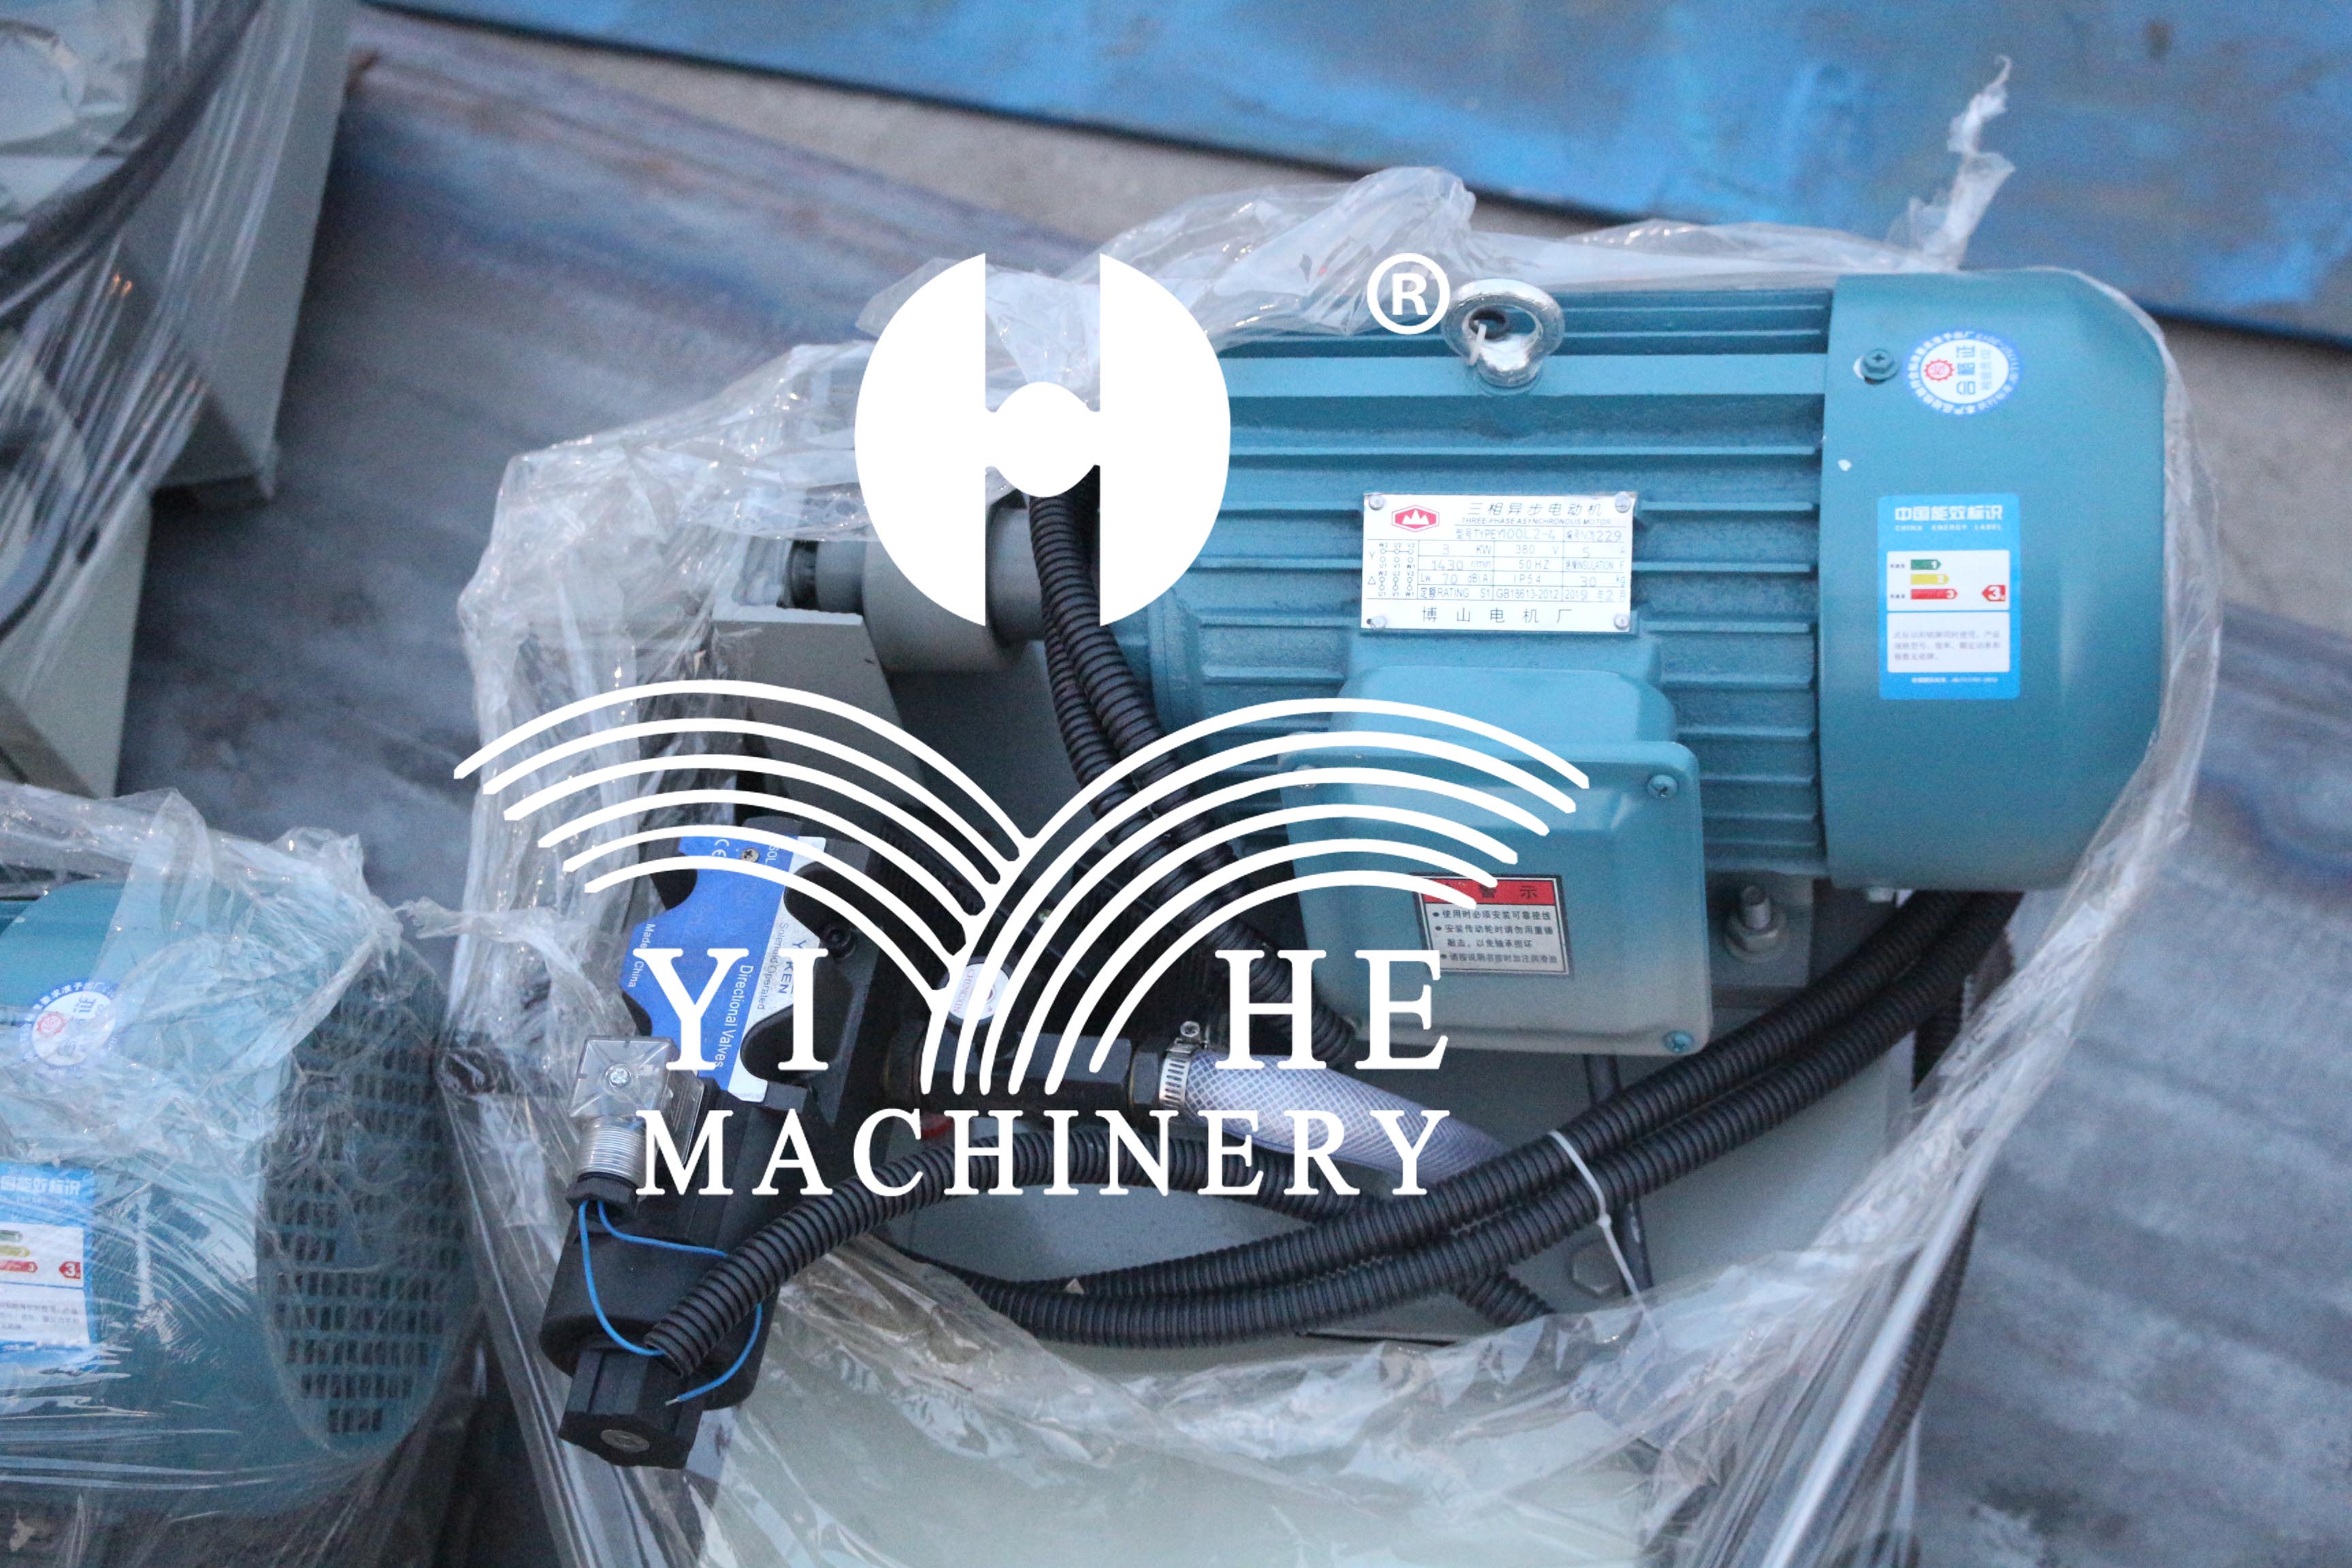 YIHE MACHINERY plywood cold press loading
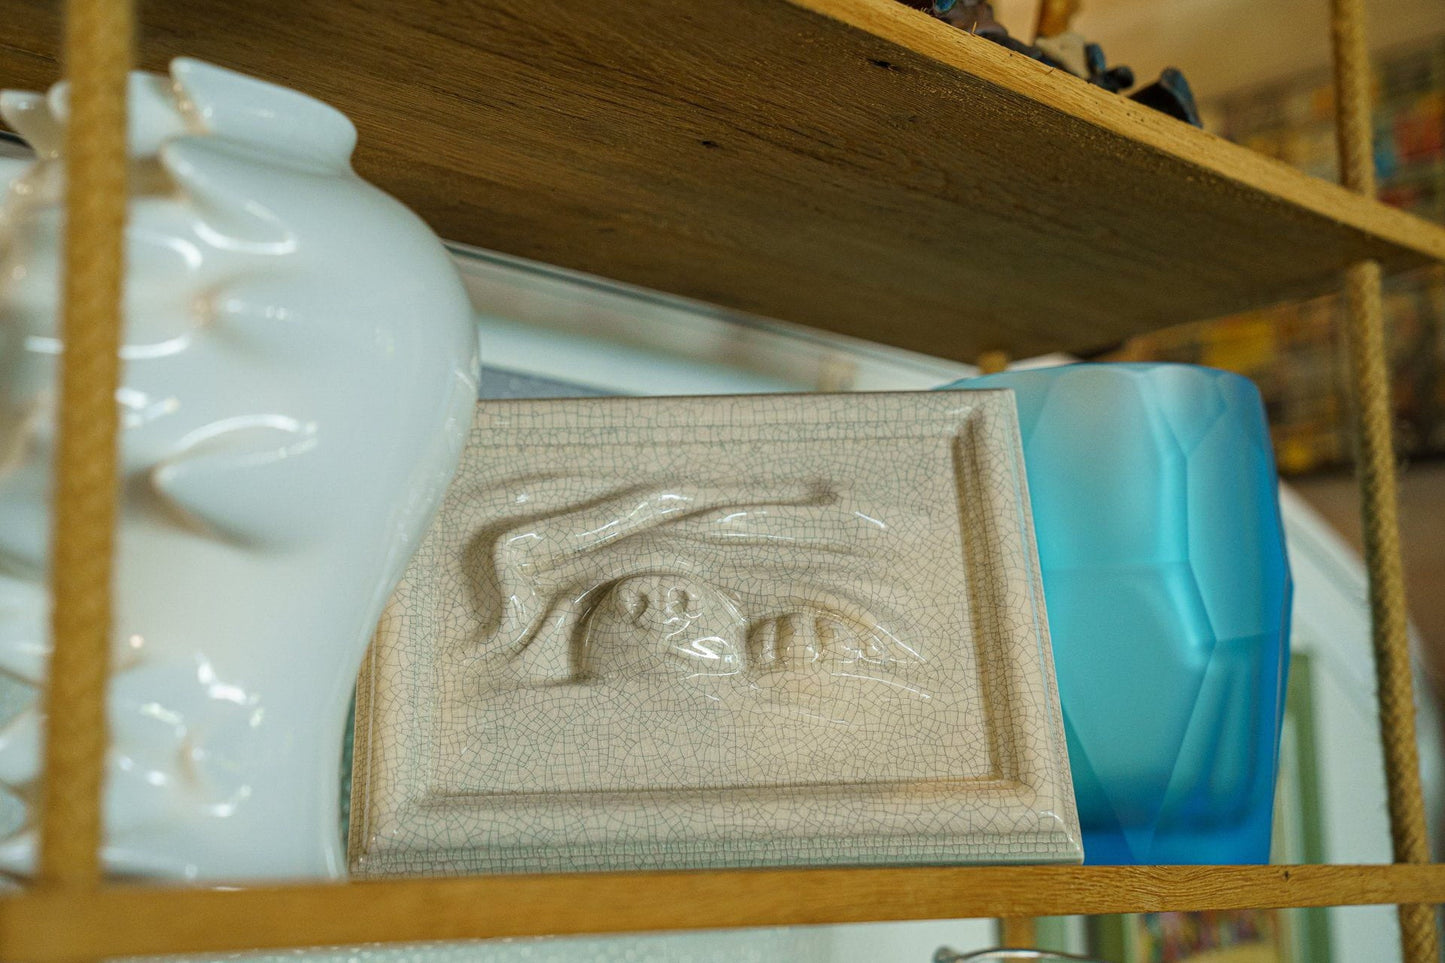 
                  
                    Dog Cremation Urn for Ashes - Craquelure | Ceramic | Handmade
                  
                
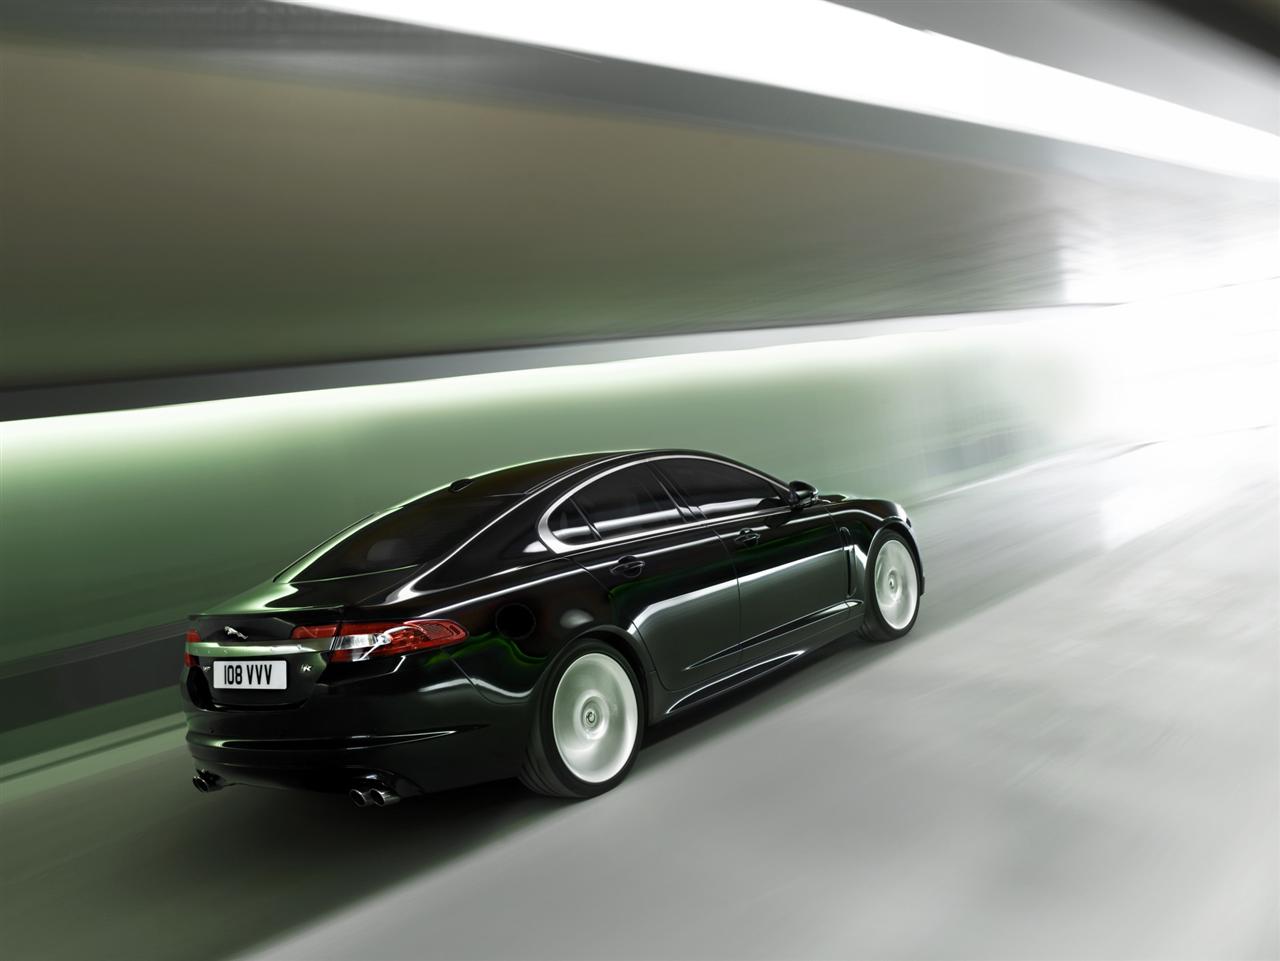 2011 Jaguar XF

### WORK ORDER:
Give the data again exactly as written, with no pictures included.

### RESULT FOR THIS EXERCISE:
 YIHE MACHINERY plywood cold press loading
                  
                    Dog Cremation Urn for Ashes - Craquelure | Ceramic | Handmade
                  
                
 2011 Jaguar XF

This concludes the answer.